Exercise: Retype, word for word, each line between the lines holding "georgiana robert fotografii" and "29-013 竹之内峠~壺坂峠~芋ヶ峠 約81kmのコースプロフィール", inclusive, and leave the rest of the data alone.
──────────────────────────────
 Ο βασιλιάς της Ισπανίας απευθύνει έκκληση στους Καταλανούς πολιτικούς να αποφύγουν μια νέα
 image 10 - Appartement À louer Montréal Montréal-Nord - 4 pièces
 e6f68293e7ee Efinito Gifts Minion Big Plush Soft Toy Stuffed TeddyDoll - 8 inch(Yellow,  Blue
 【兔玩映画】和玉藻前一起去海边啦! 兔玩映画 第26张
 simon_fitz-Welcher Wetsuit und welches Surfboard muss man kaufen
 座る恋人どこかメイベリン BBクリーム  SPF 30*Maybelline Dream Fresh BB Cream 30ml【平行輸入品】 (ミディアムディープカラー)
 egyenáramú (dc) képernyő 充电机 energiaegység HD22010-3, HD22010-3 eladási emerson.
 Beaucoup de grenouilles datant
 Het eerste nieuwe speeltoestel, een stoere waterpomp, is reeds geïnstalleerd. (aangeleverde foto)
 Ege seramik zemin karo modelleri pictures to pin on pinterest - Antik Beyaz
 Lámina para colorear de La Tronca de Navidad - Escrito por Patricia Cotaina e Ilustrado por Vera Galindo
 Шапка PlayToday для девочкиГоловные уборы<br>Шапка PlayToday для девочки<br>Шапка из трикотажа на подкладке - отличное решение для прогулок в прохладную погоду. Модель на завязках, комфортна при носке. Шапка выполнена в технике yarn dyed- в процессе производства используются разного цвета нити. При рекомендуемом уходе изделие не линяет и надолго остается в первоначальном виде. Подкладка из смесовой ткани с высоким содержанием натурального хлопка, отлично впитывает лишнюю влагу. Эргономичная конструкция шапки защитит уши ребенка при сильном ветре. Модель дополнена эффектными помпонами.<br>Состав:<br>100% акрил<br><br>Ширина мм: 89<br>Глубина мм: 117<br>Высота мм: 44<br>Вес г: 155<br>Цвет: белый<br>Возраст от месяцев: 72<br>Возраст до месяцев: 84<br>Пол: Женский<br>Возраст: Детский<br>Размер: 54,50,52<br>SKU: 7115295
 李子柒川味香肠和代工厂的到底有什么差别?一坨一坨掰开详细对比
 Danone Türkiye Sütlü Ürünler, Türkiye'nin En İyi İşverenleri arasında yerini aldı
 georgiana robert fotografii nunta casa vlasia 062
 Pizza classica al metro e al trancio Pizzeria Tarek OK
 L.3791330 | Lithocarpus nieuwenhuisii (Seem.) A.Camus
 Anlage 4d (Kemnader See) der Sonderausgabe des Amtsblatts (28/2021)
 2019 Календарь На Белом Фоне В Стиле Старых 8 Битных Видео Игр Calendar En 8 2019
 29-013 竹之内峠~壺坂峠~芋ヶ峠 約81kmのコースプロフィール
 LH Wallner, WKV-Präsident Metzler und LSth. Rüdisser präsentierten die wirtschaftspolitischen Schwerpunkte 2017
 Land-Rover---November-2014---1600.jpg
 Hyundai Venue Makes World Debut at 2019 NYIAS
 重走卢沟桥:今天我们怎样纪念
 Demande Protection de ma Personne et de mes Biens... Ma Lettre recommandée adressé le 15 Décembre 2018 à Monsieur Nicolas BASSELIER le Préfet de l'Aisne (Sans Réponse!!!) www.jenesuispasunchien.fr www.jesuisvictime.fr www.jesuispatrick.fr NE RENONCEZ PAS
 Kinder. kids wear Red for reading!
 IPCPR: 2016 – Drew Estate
──────────────────────────────
Reply:
 georgiana robert fotografii nunta casa vlasia 062
 Pizza classica al metro e al trancio Pizzeria Tarek OK
 L.3791330 | Lithocarpus nieuwenhuisii (Seem.) A.Camus
 Anlage 4d (Kemnader See) der Sonderausgabe des Amtsblatts (28/2021)
 2019 Календарь На Белом Фоне В Стиле Старых 8 Битных Видео Игр Calendar En 8 2019
 29-013 竹之内峠~壺坂峠~芋ヶ峠 約81kmのコースプロフィール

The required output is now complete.